● **Exercise data**
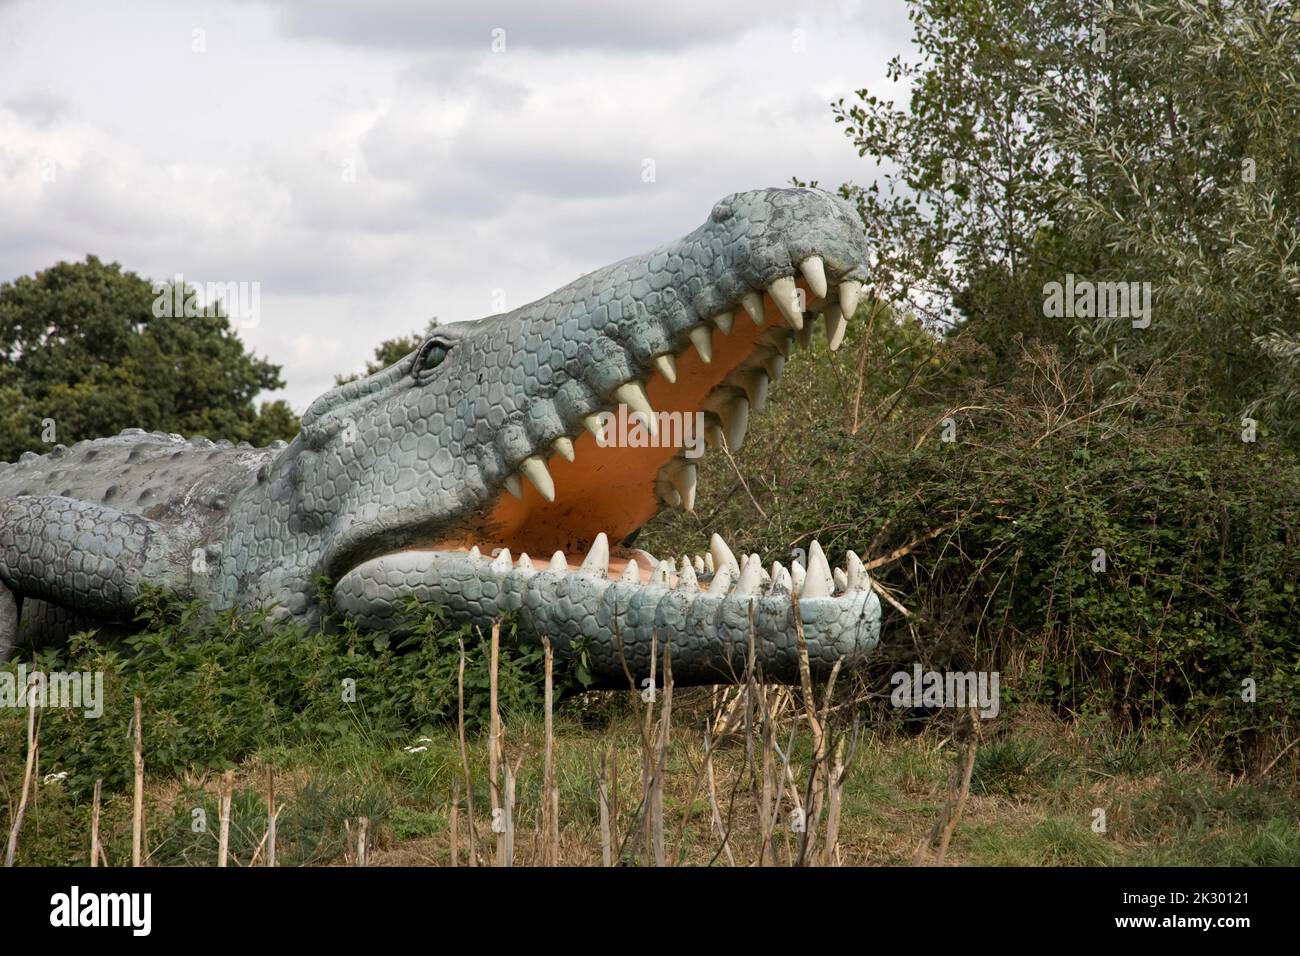 Lifesize model of Deinosuchus dinosaur an extinct genus of an alligatoroid crocodilian All Things Wild, Honeybourne, UK Stock Photo
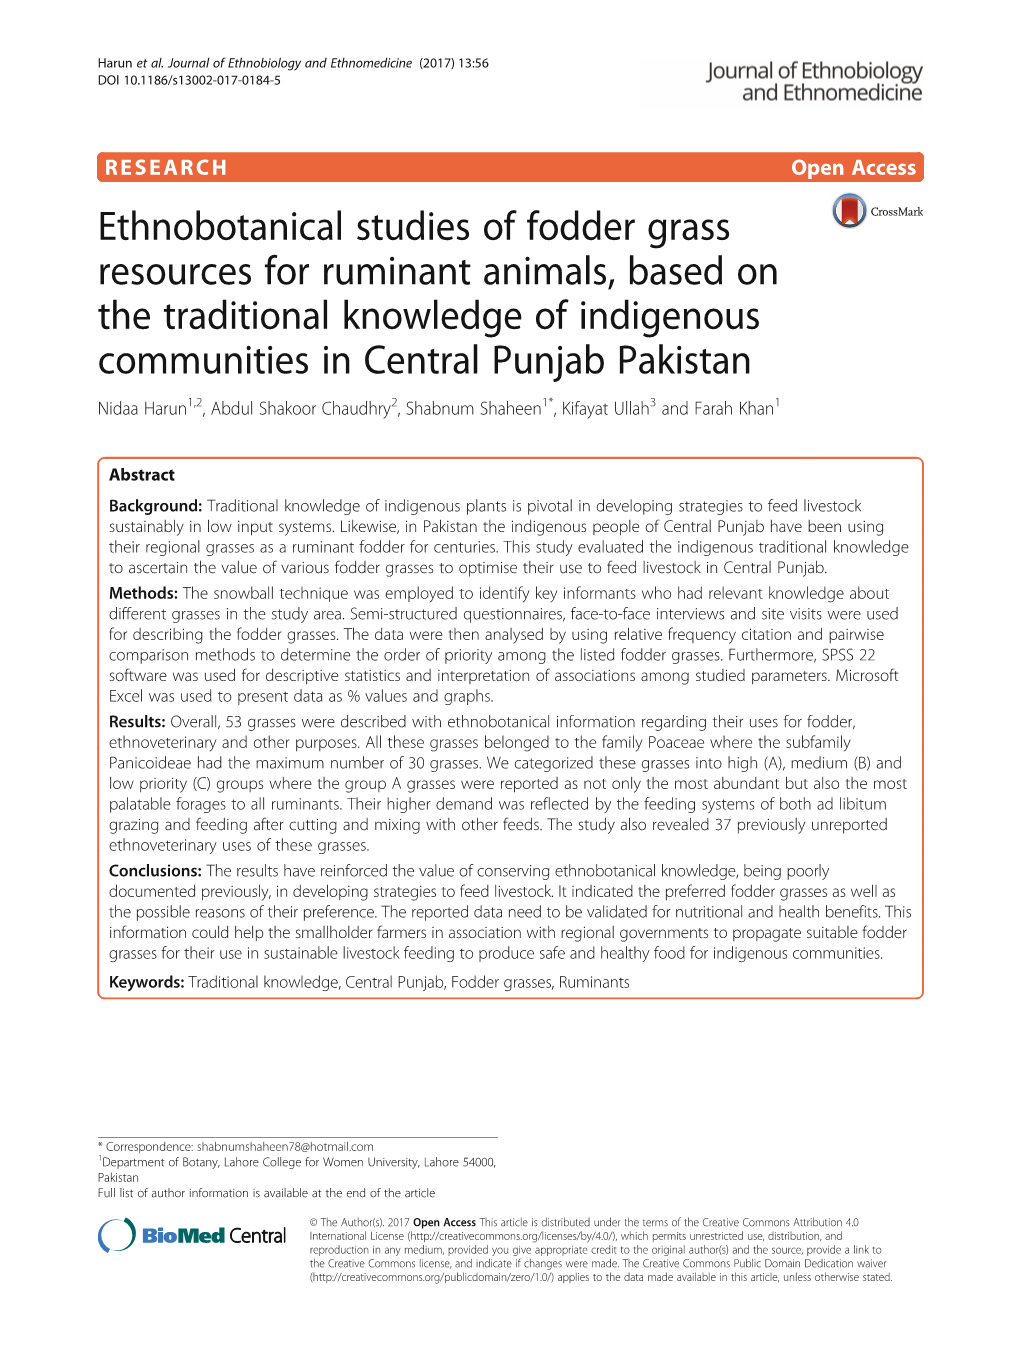 Ethnobotanical Studies of Fodder Grass Resources for Ruminant Animals
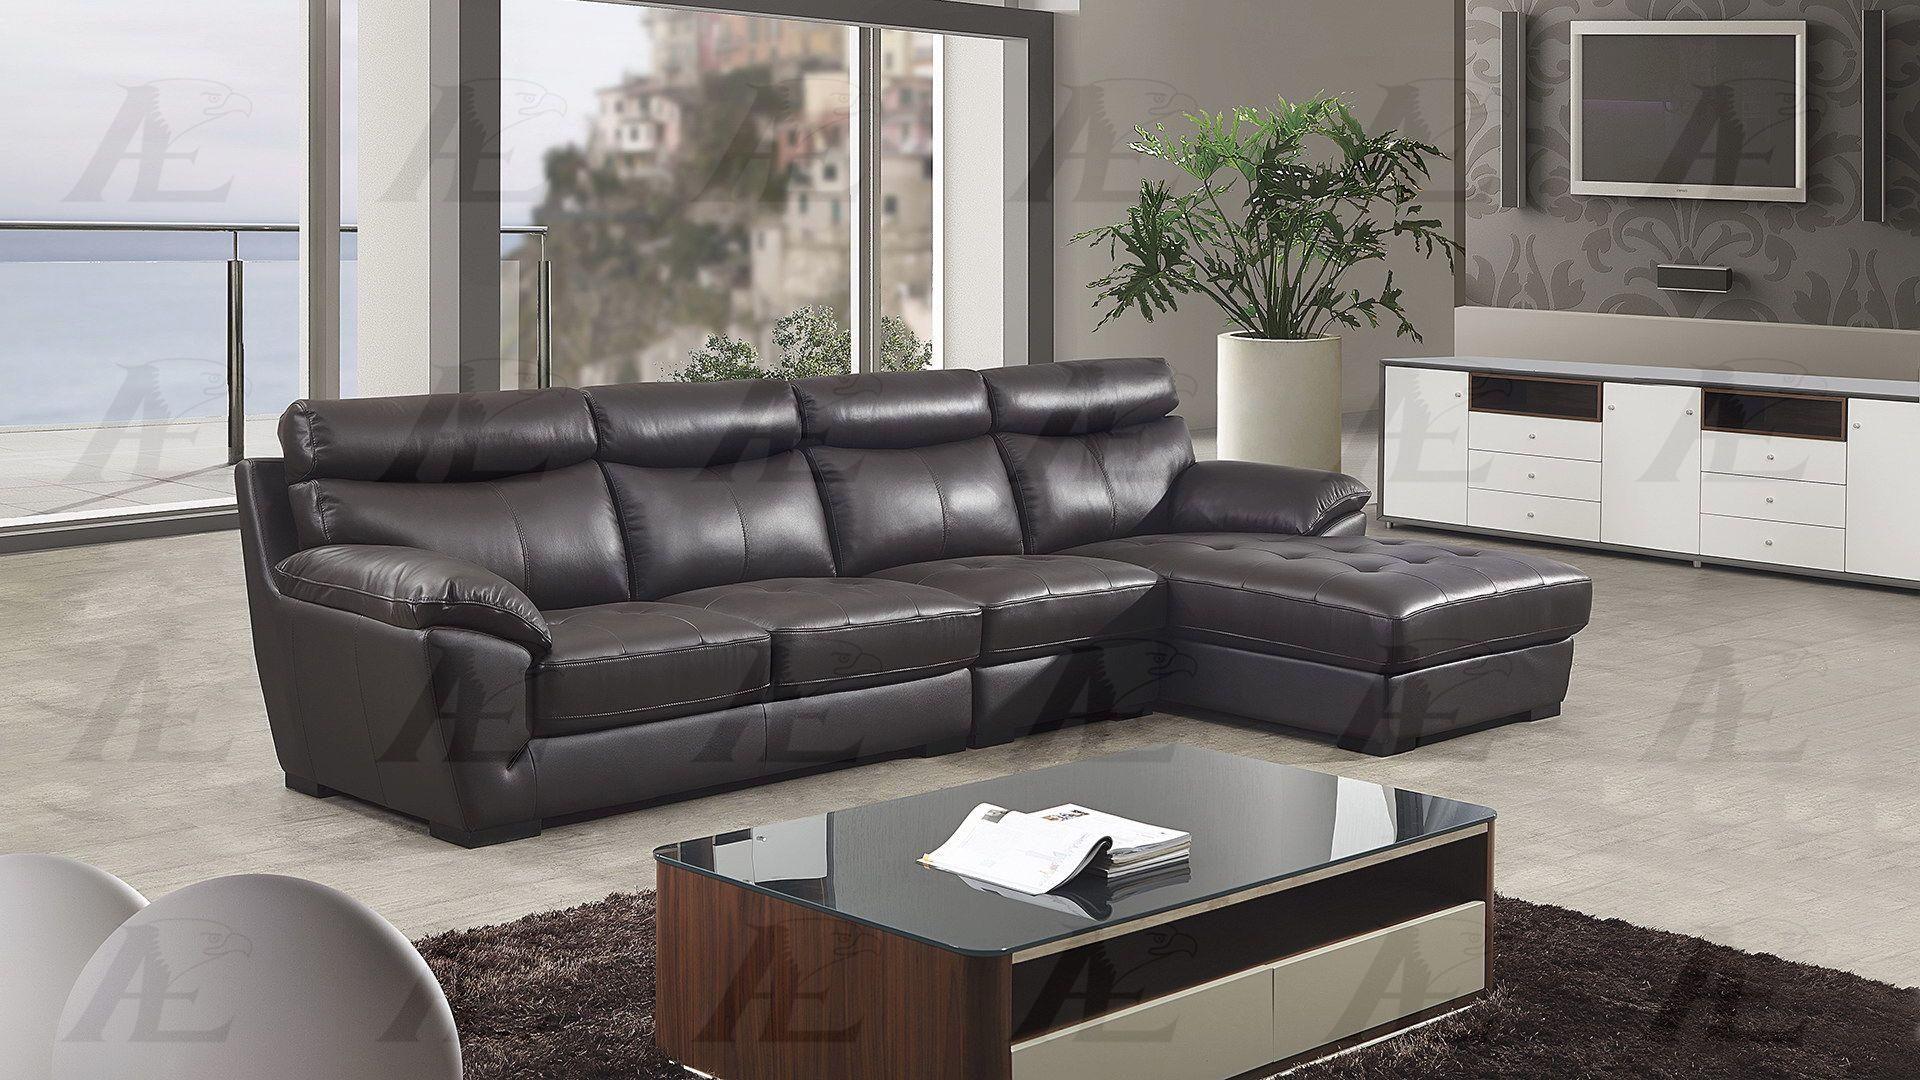 

    
American Eagle Furniture EK-L021-DC Sectional Sofa Dark Chocolate EK-L021L-DC
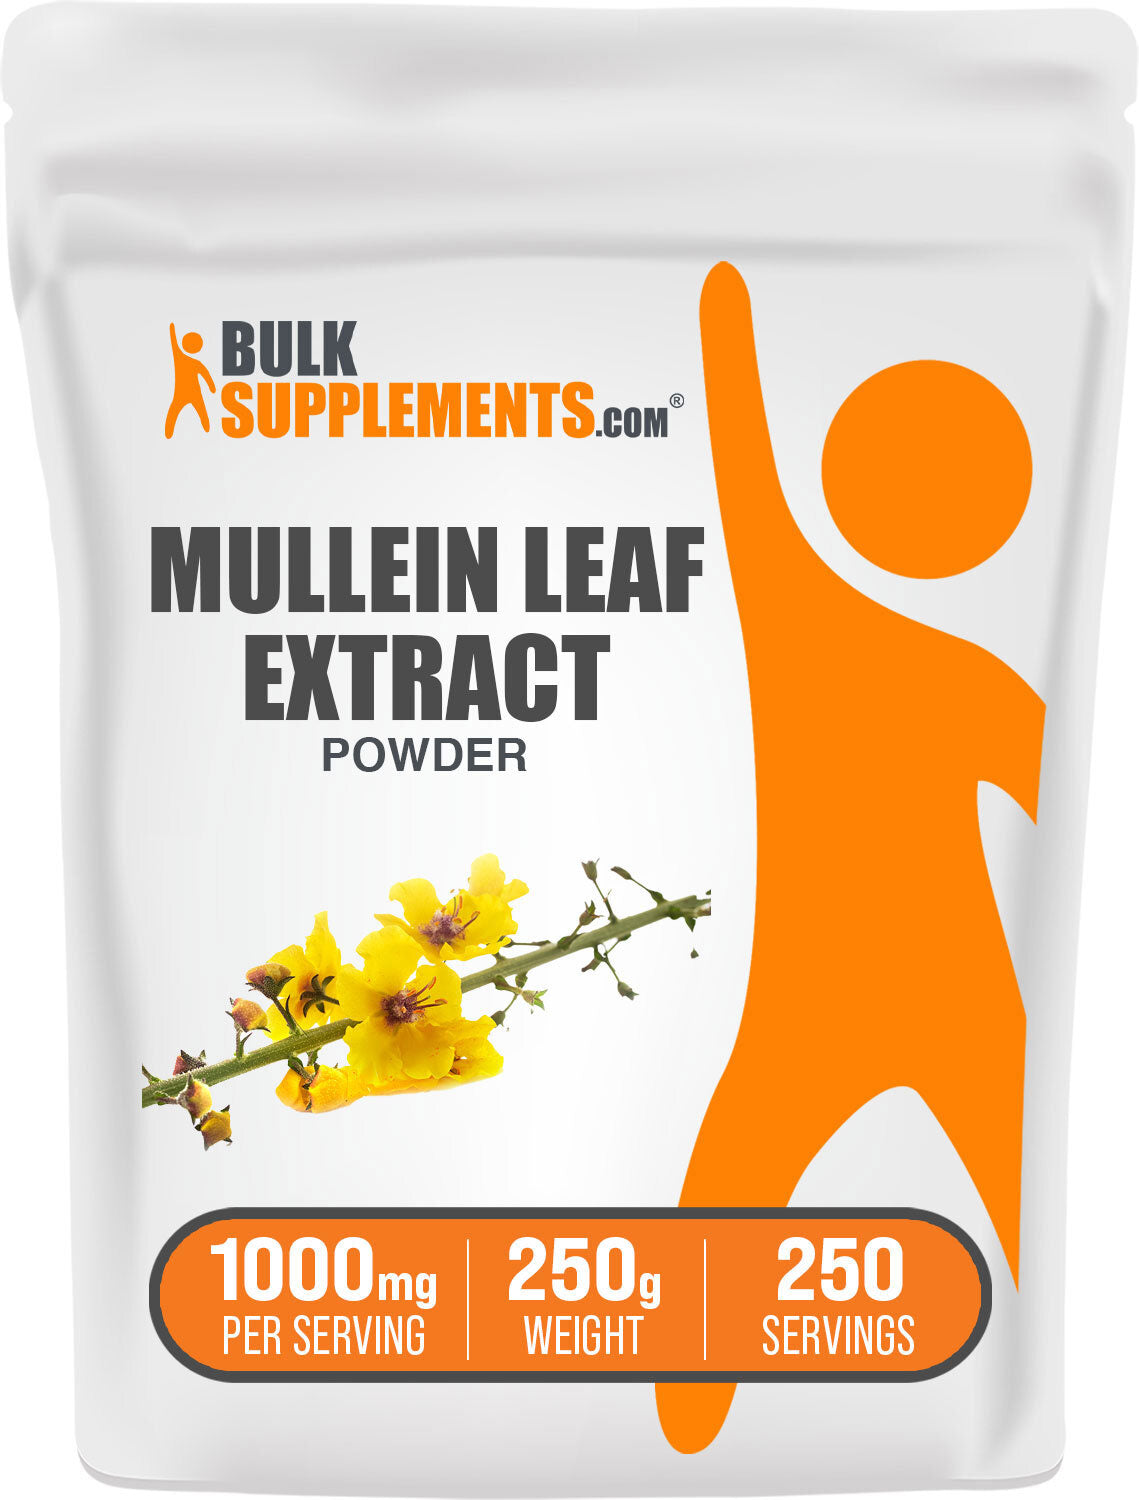 BulkSupplements.com Mullein Leaf Extract Powder 250g bag

● **Assignment**
What is needed is an exact copy of the data, with the pictures removed.

● **Exercise output**
 Lifesize model of Deinosuchus dinosaur an extinct genus of an alligatoroid crocodilian All Things Wild, Honeybourne, UK Stock Photo
 Ethnobotanical Studies of Fodder Grass Resources for Ruminant Animals

    
American Eagle Furniture EK-L021-DC Sectional Sofa Dark Chocolate EK-L021L-DC
 BulkSupplements.com Mullein Leaf Extract Powder 250g bag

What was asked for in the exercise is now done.